The Week That Was: The Big Stories in Indian Country
It's our roundup of all the big news coming out of Indian country:
• ERDRICH HONORED: Ojibwe author Louise Erdrich won the National Book Award for fiction for The Round House, her 14th novel. "This is a book about a huge case of injustice ongoing on reservations," she said in accepting the award. "Thank you for giving it a wider audience." She delivered part of her acceptance speech in Ojibwemowin.
• GOT MOCS?: Native American Heritage Month rolled on, with November 15 dubbed "National Rock Your Moccasins Day" -- and thousands did, taking to Facebook and Twitter to display themselves proudly wearing stylish Native footwear.
• FAREWELL CAT: The body-modification enthusiast Dennis Avner, who adopted the name "Stalking Cat" to go with his feline appearance, died at the age of 54 in what reports called an apparent suicide. Avner had Lakota and Huron heritage, and said that his transformation was his effort to embody his animal totem, a tiger. On the ICTMN Facebook page, many readers expressed sympathy. "RIP to a man who pusued his internal spirit," one wrote, "and to those who judge, may you one day understand."
• FACE OF THE FUTURE: Eight-month-old Mary Jane Montoya, whose father is a descendant of the Yokut Mono Tribe, was named the newest Gerber baby. First stop for the famous infant was New York City and the TODAY Show, where the family met the original Gerber baby, Ann Turner Cook, who is now 85, and was interviewed by Natalie Morales. Cook "has that same look and that same twinkle in her eye. She’s super sweet," said Sara Montoya, Mary Jane's mother. "They were so nice and so open to talk to us and let us know what it was like for her to be the icon of the Gerber baby."

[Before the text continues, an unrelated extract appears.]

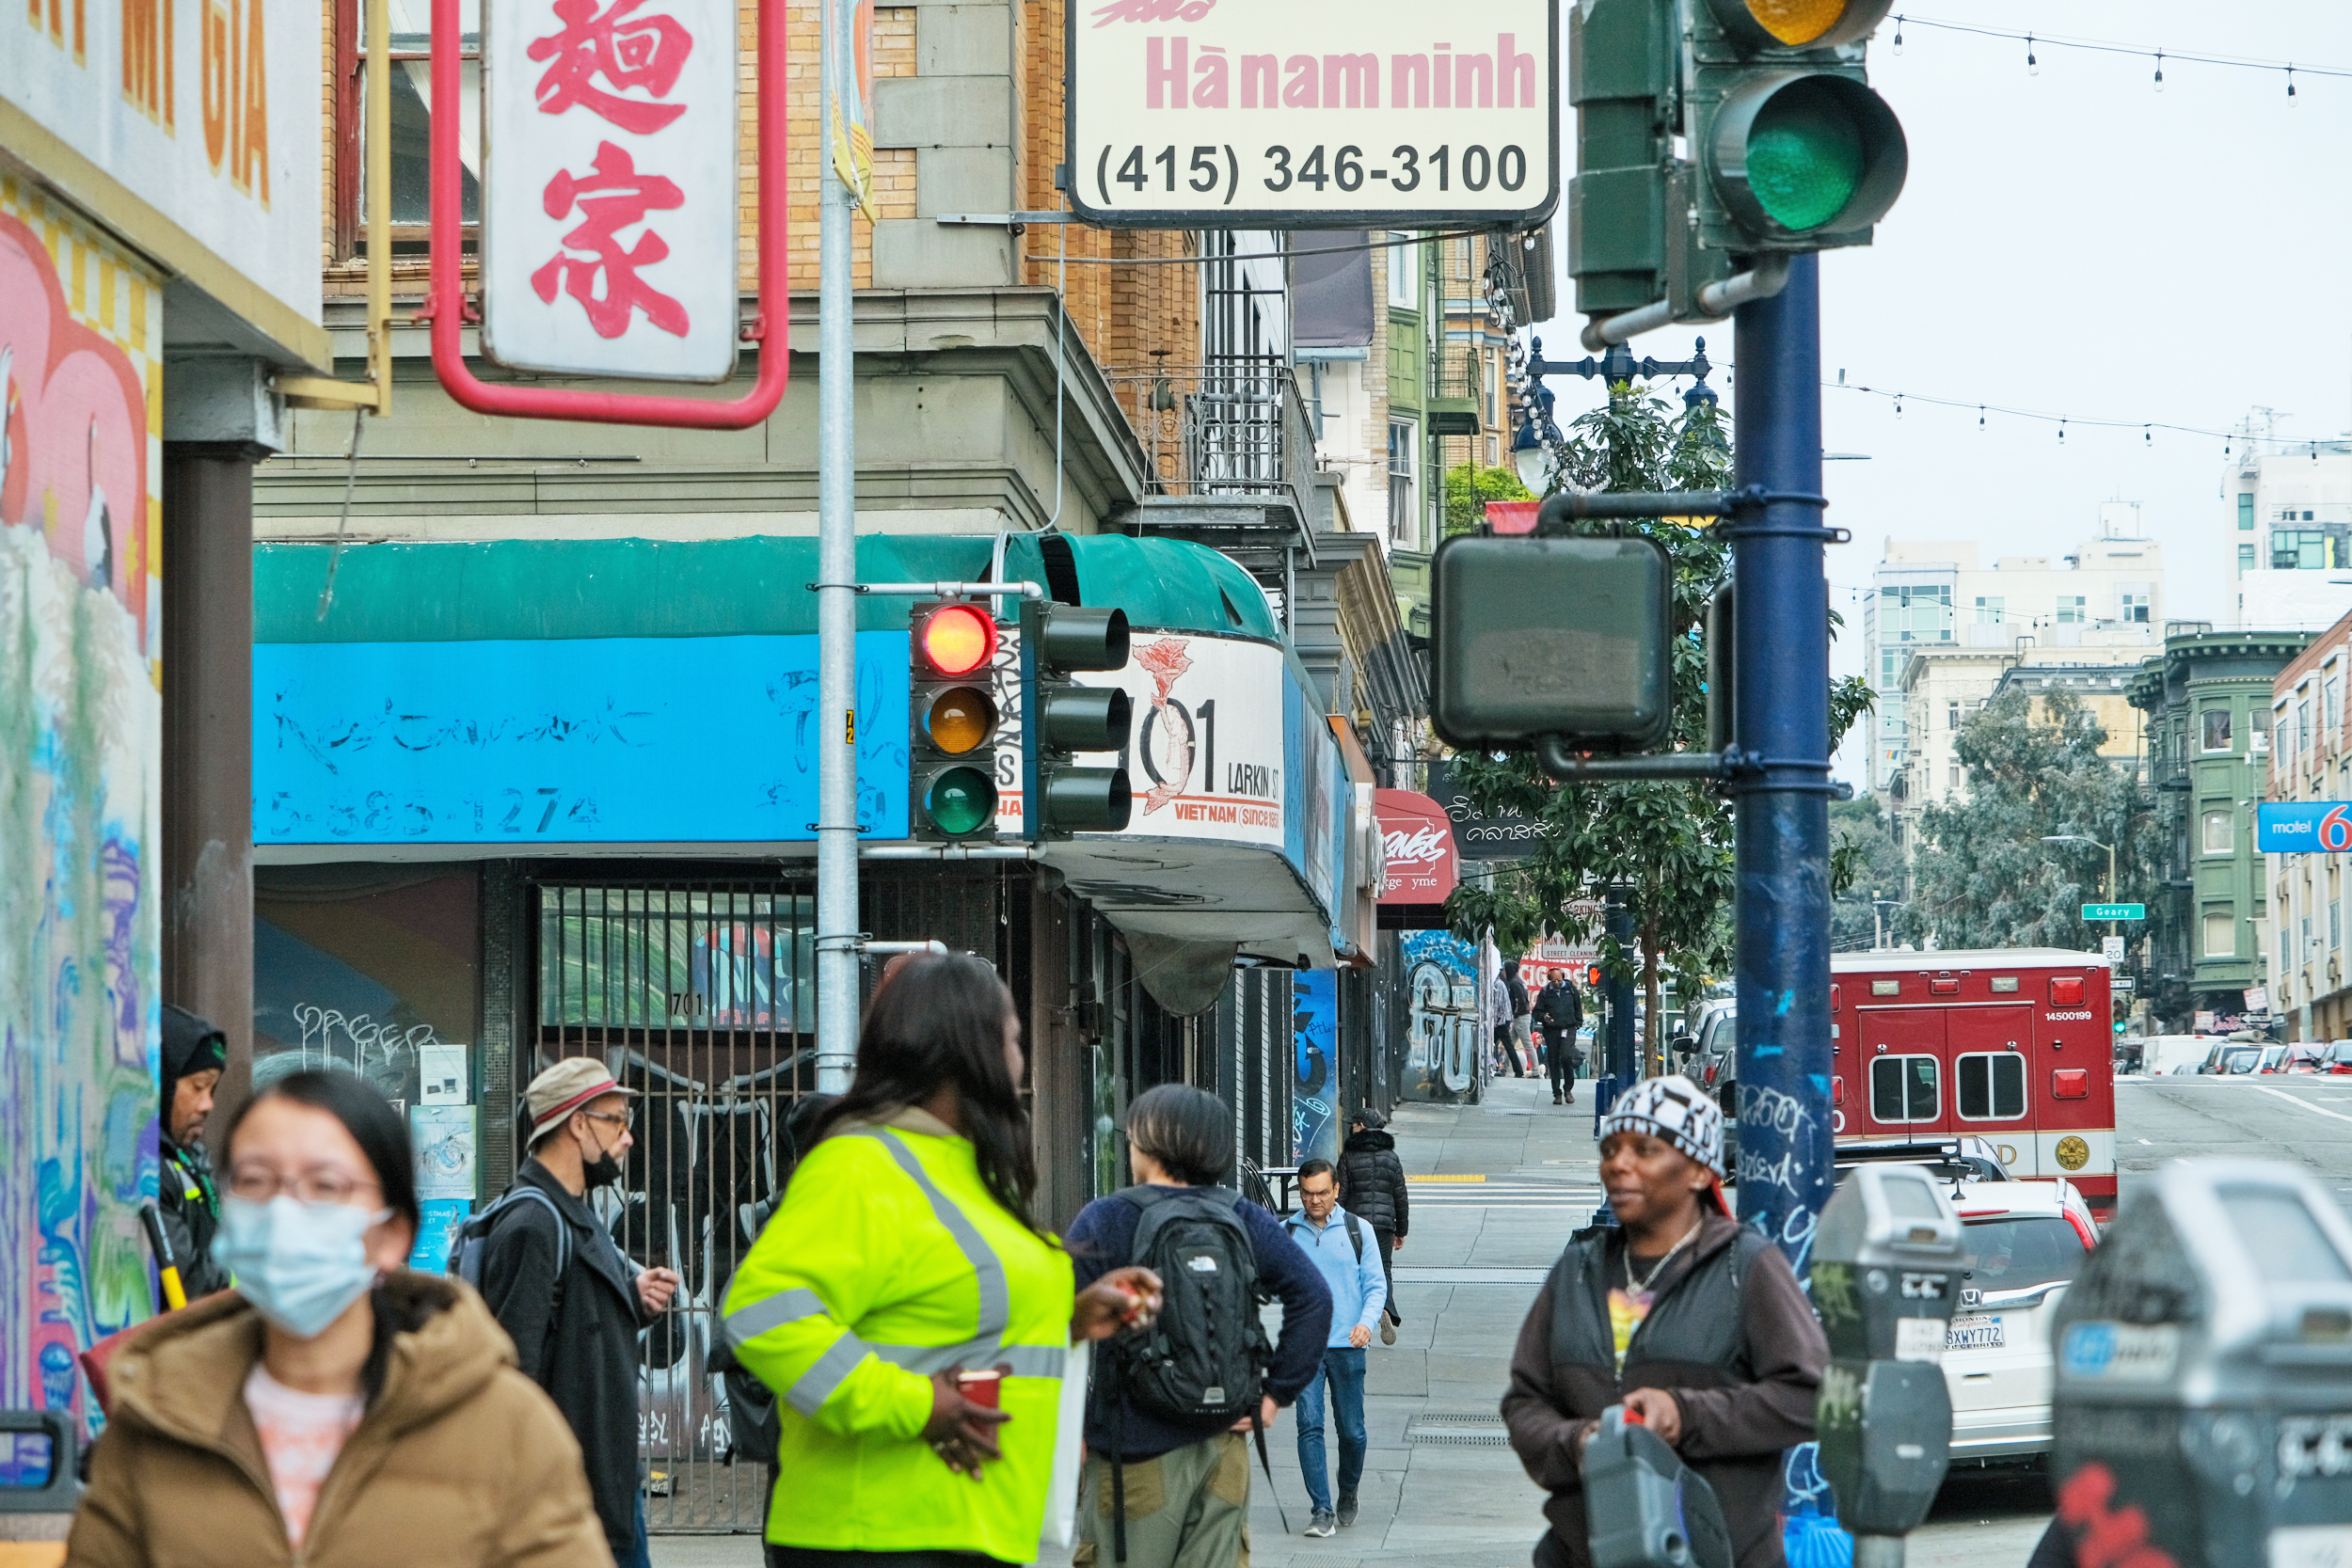 City street scene with pedestrians, traffic lights, Asian signage, and a Larkin Street sign.

• INSENSITIVE IN UNMENTIONABLES: Victoria's Secret, in hot water over photos of Karlie Kloss wearing a feather headdress on the catwalk of its annual Fashion Show, apologized. The lingerie maker said that shots of the supermodel in the controversial garb would be edited out of the TV broadcast, which airs December 5. But damage was nonetheless done, at a particularly bad time of year -- as Sasha Houston Brown remarked, "Nothing Says Native American Heritage Month Like White Girls in Headdresses".